- [What is required] A verbatim transcript of the data that follows, free of images, is the expected result.

- [Data shown]
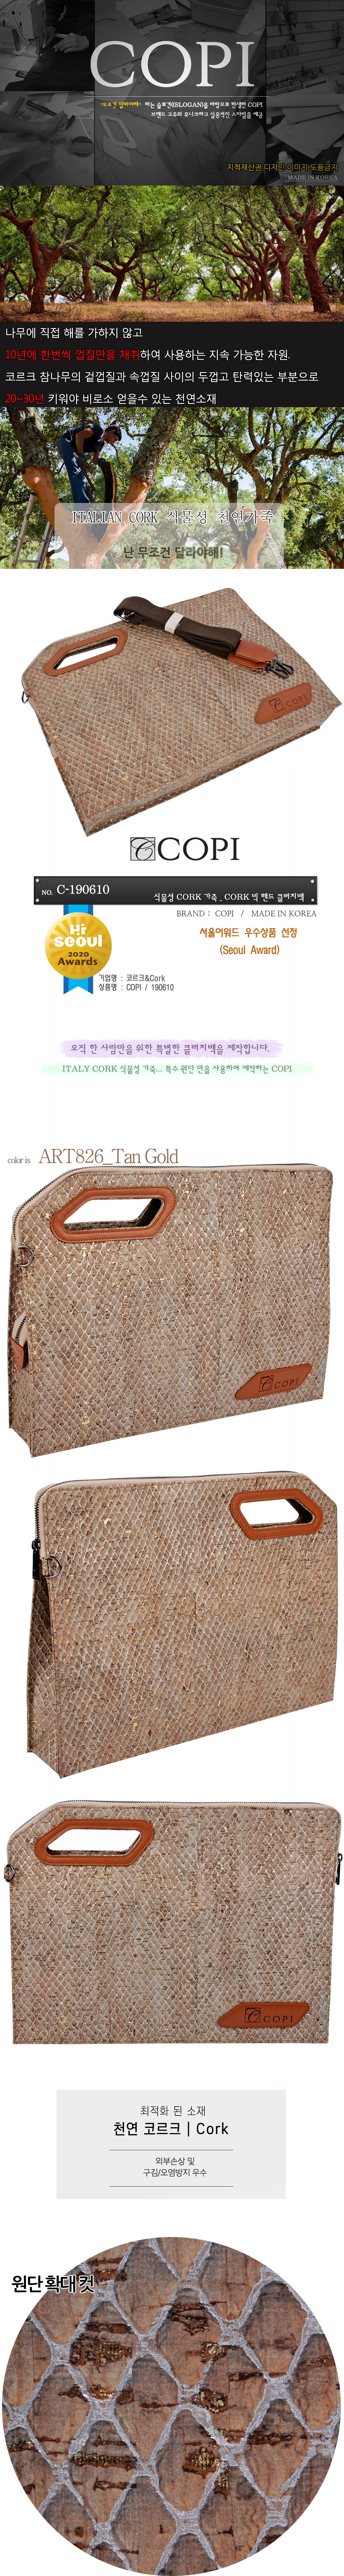 Copi - Premium Italian Cork – Clutch Briefcase
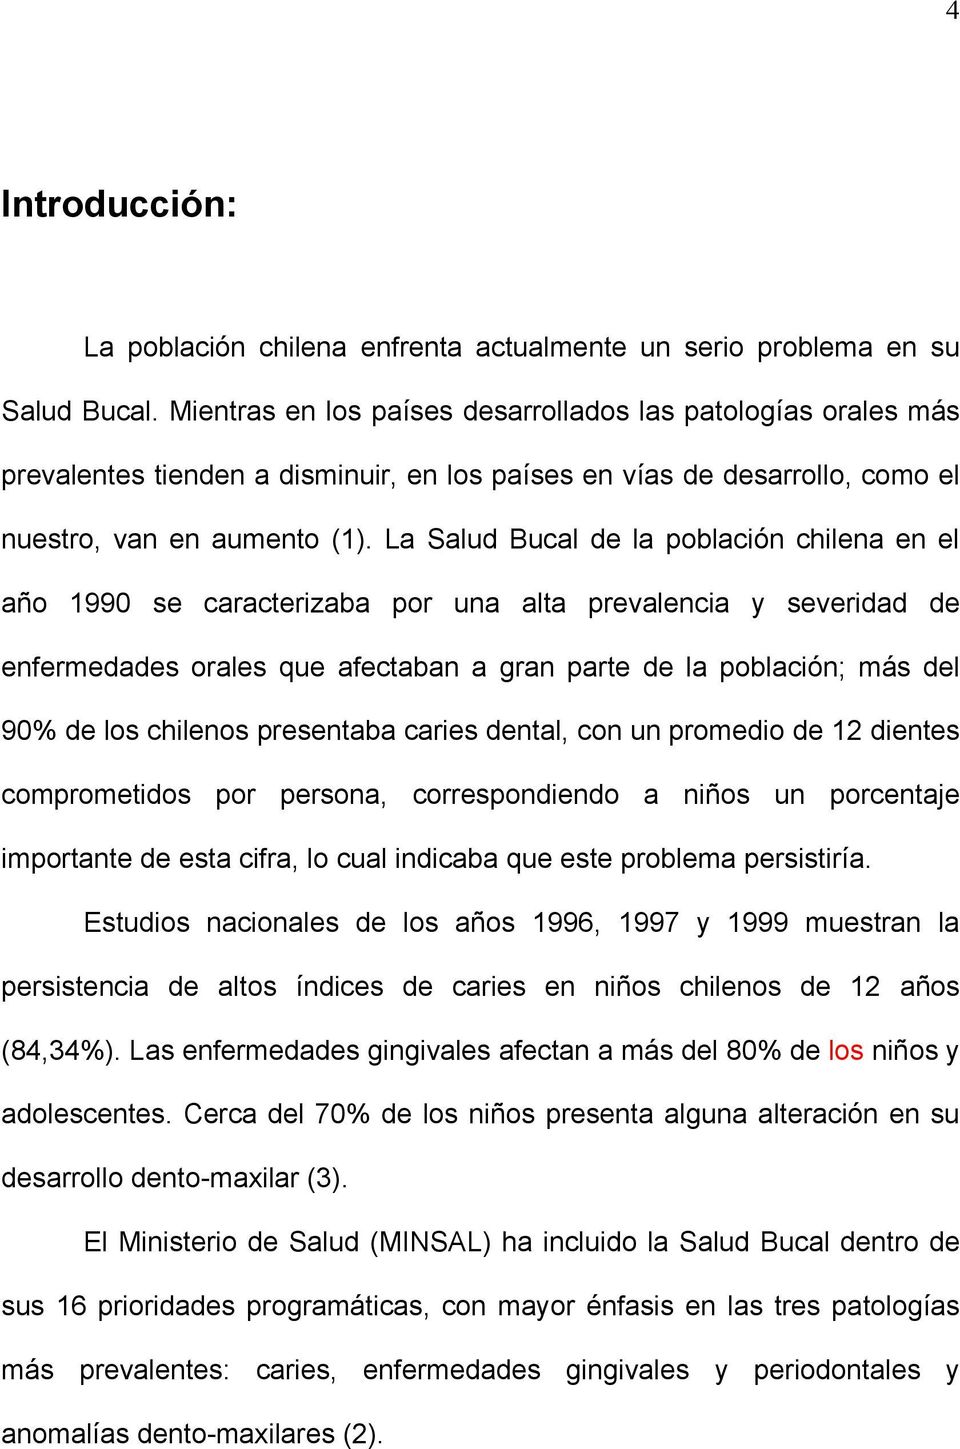 La Salud Bucal de la población chilena en el año 1990 se caracterizaba por una alta prevalencia y severidad de enfermedades orales que afectaban a gran parte de la población; más del 90% de los
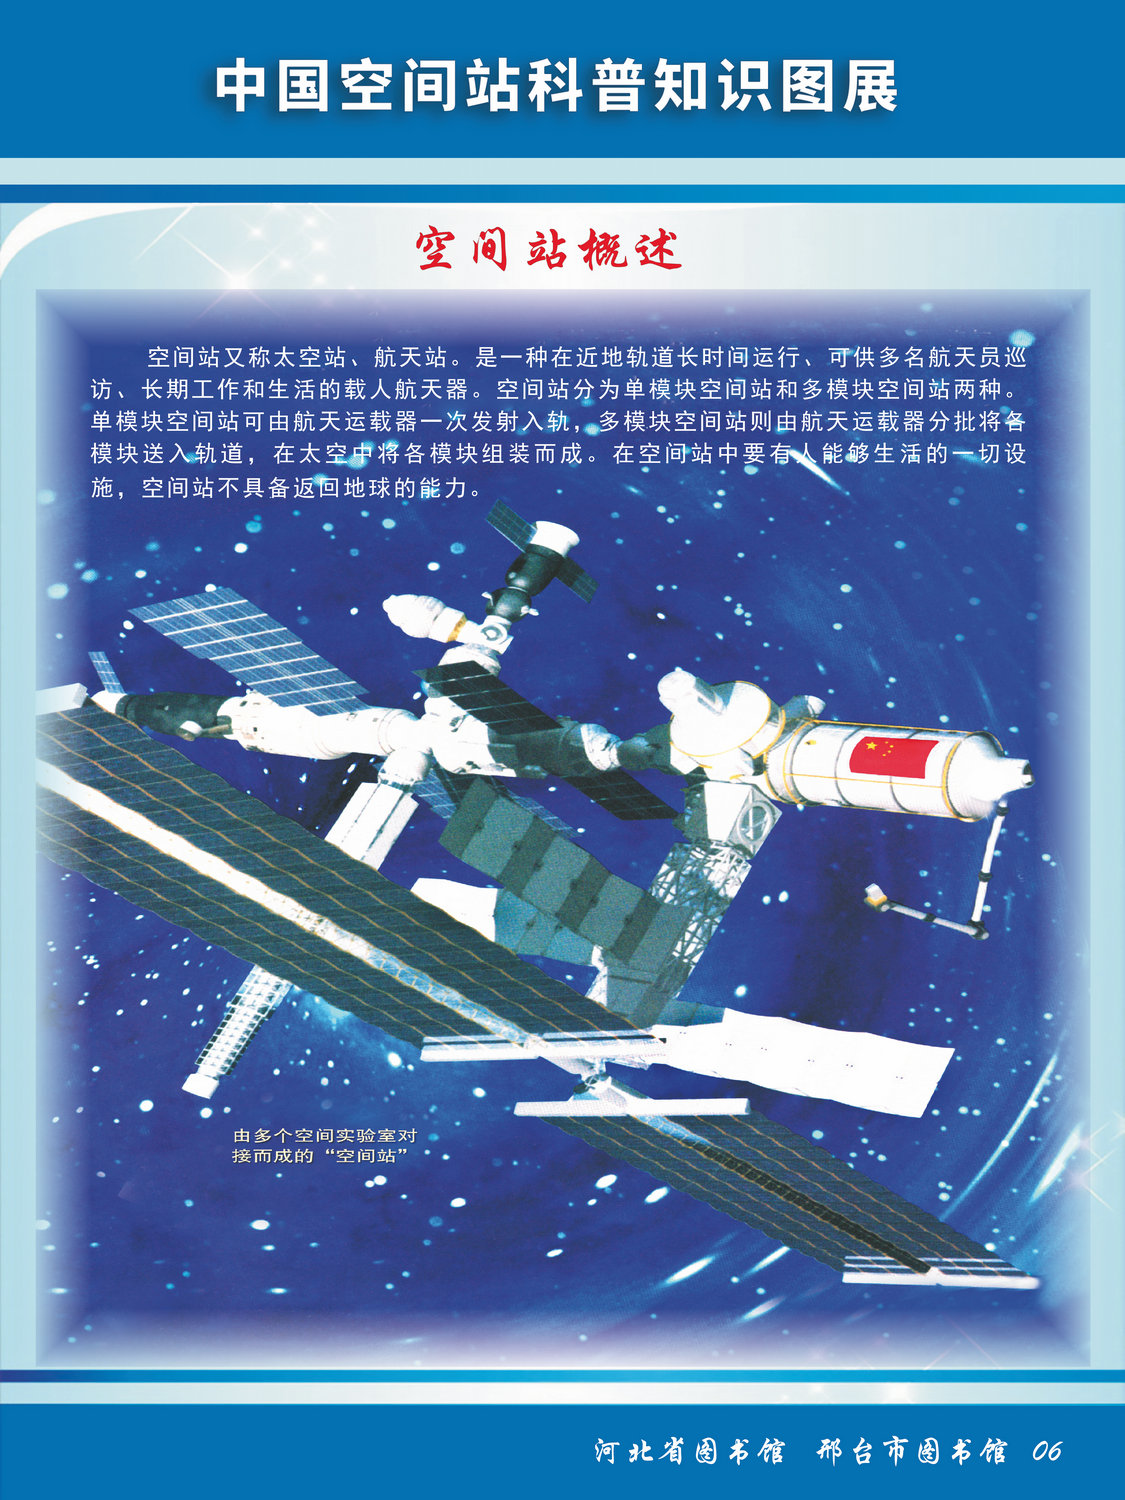 中国空间站科普知识图文展_图6
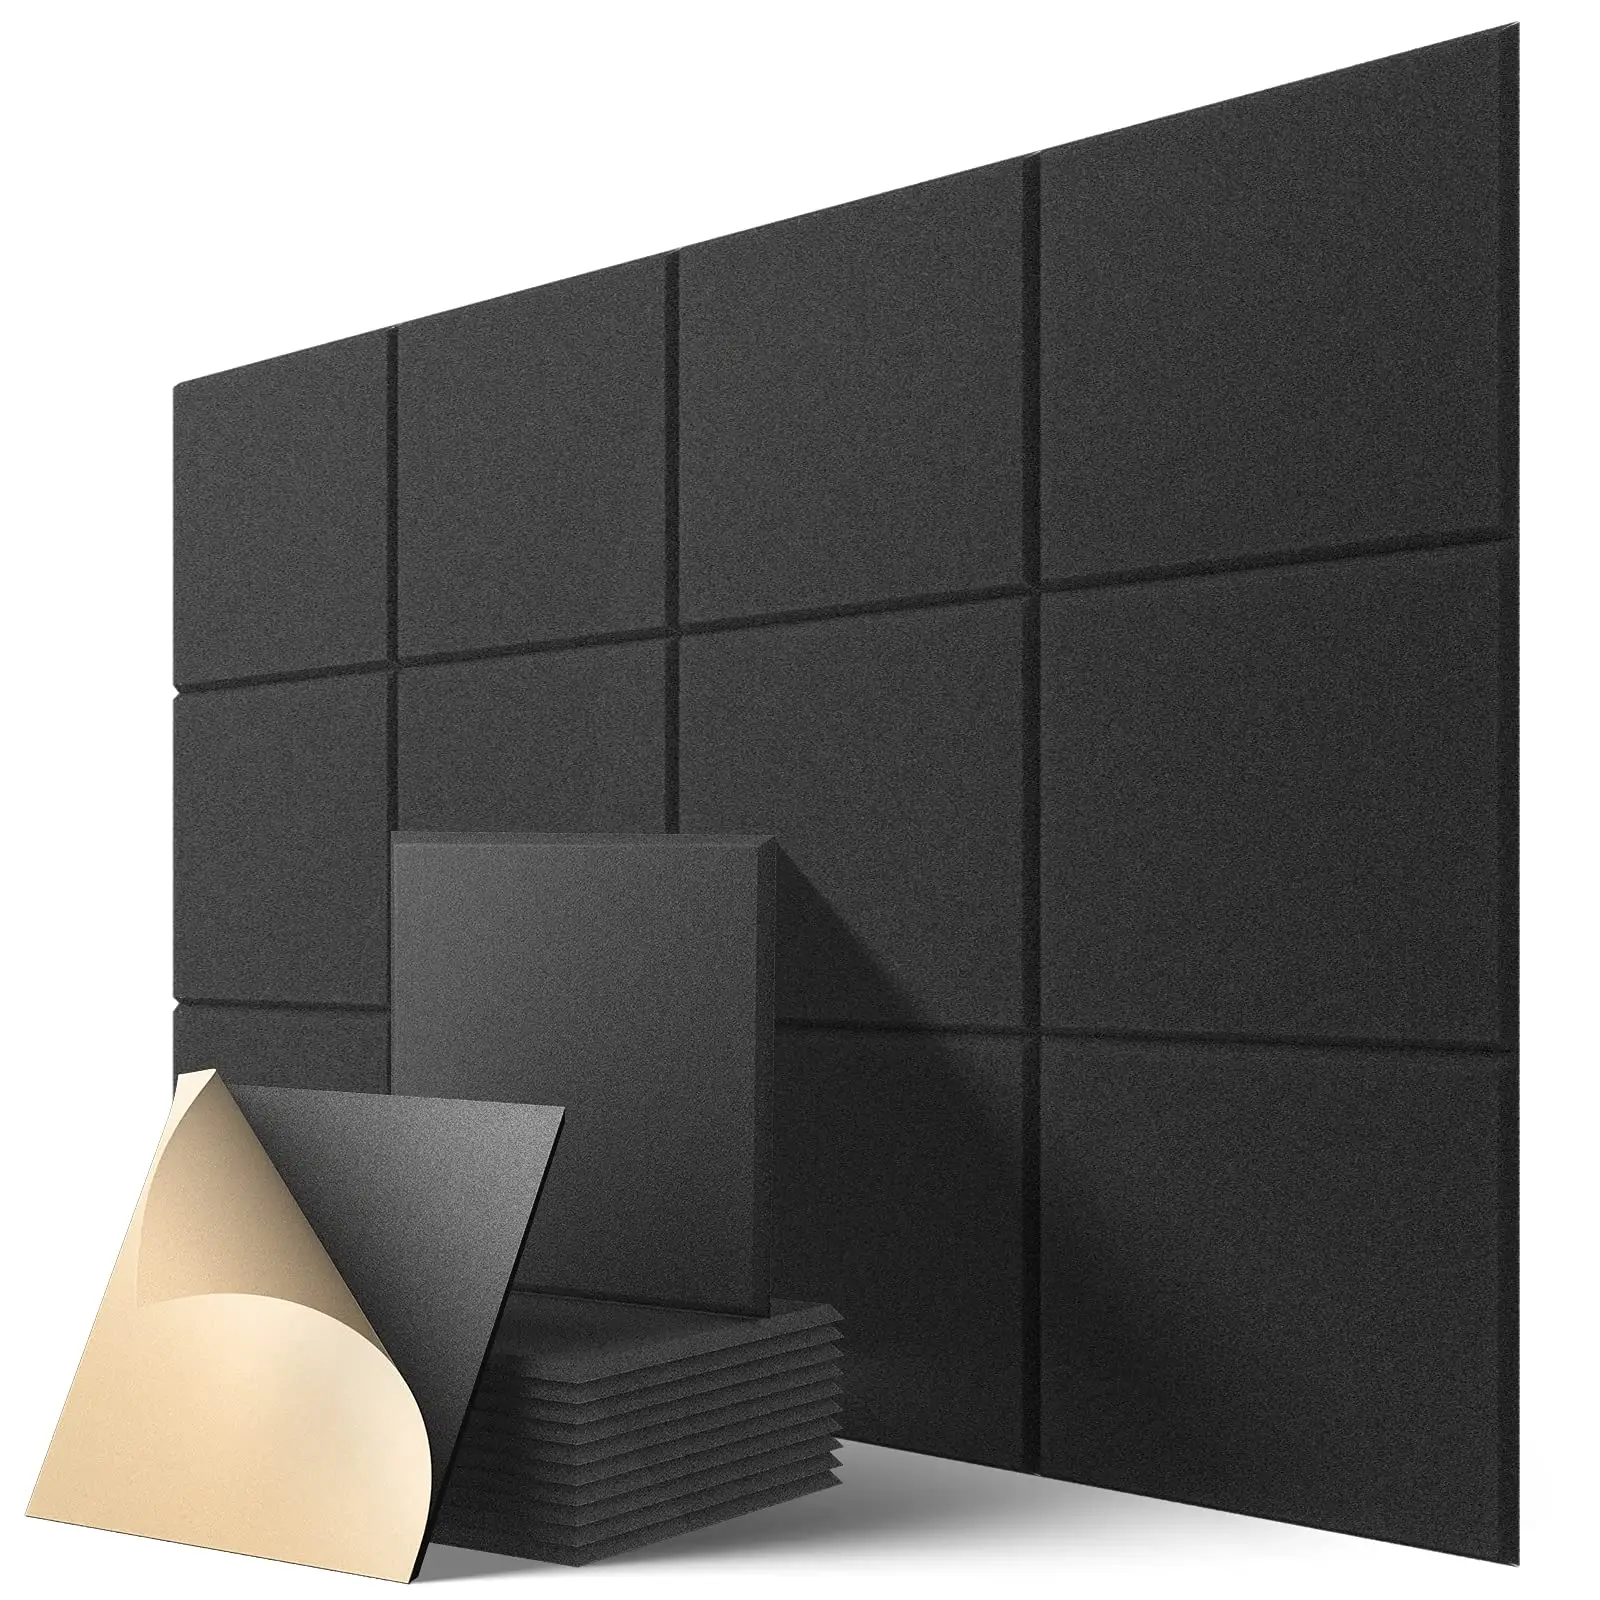 Tablero de pared acústico decorativo de fieltro PET a prueba de sonido Material absorbente de sonido Panel acústico ignífugo de poliéster 100%

- [Written answer]
 Copi - Premium Italian Cork – Clutch Briefcase
 La Salud Bucal de la población chilena en el año 1990 se caracterizaba por una alta prevalencia y severidad de enfermedades orales que afectaban a gran parte de la población; más del 90% de los
 中国空间站科普知识图文展_图6
 Tablero de pared acústico decorativo de fieltro PET a prueba de sonido Material absorbente de sonido Panel acústico ignífugo de poliéster 100%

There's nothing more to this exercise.